Our work is inspired by recent works on improving attention-based NMT with techniques that have been successfully applied to SMT. Following the success of Minimum Risk Training (MRT) in SMT [Och2003]
, Shen et al. Shen:2016:ACL proposed MRT for end-to-end NMT to optimize model parameters directly with respect to evaluation metrics. Based on the observation that attention-based NMT only captures partial aspects of attentional regularities, Cheng et al. Cheng:2016:IJCAI proposed agreement-based learning[Liang et al.2006] to encourage bidirectional attention models to agree on parameterized alignment matrices. Along the same direction, inspired by the coverage mechanism in SMT, we propose a coverage-based approach to NMT to alleviate the over-translation and under-translation problems.

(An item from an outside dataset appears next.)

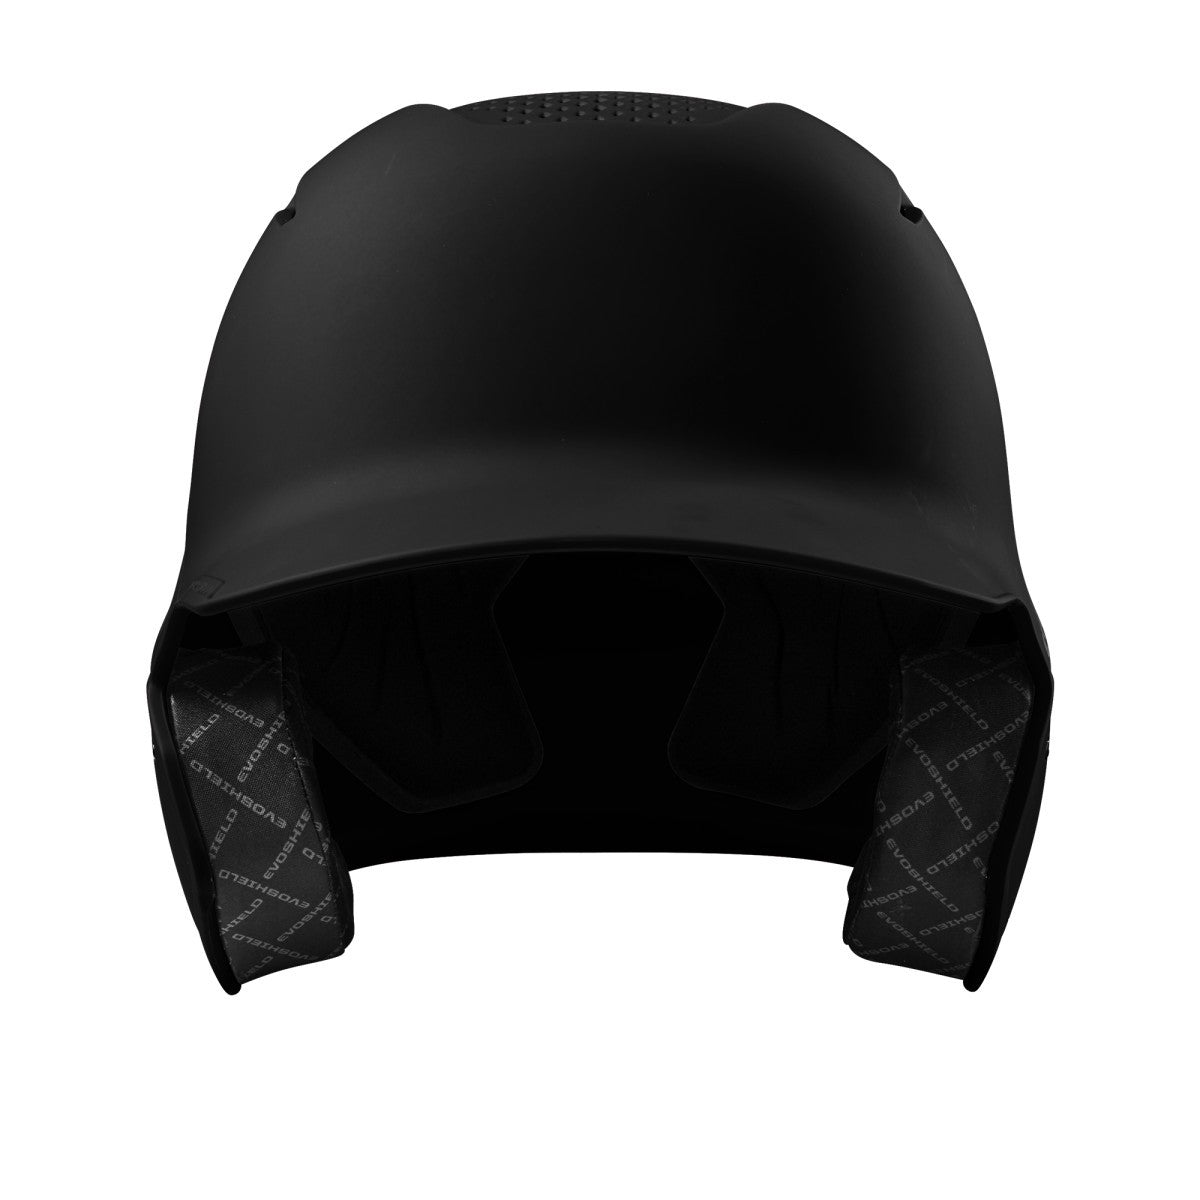 EvoShield XVT Batting Helmet - Red Matte Finish (WTV7115SC)

Independent from our work, Cohn et al. Cohn:2016:NAACL and Feng et al. Feng:2016:arXiv made use of the concept of “fertility” for the attention model, which is similar in spirit to our method for building the linguistically inspired coverage with fertility. Cohn et al. Cohn:2016:NAACL introduced a feature-based fertility that includes the total alignment scores for the surrounding source words. In contrast, we make prediction of fertility before decoding, which works as a normalizer to better estimate the coverage ratio of each source word. Feng et al. Feng:2016:arXiv used the previous attentional context to represent implicit fertility and passed it to the attention model, which is in essence similar to the input-feed method proposed in [Luong et al.2015]. Comparatively, we predict explicit fertility for each source word based on its encoding annotation, and incorporate it into the linguistic-inspired coverage for attention model.
We have presented an approach for enhancing NMT, which maintains and utilizes a coverage vector to indicate whether each source word is translated or not. By encouraging NMT to pay less attention to translated words and more attention to untranslated words, our approach alleviates the serious over-translation and under-translation problems that traditional attention-based NMT suffers from. We propose two variants of coverage models: linguistic coverage that leverages more linguistic information and NN-based coverage that resorts to the flexibility of neural network approximation . Experimental results show that both variants achieve significant improvements in terms of translation quality and alignment quality over NMT without coverage.
This work is supported by China National 973 project 2014CB340301. Yang Liu is supported by the National Natural Science Foundation of China (No. 61522204) and the 863 Program (2015AA011808). We thank the anonymous reviewers for their insightful comments.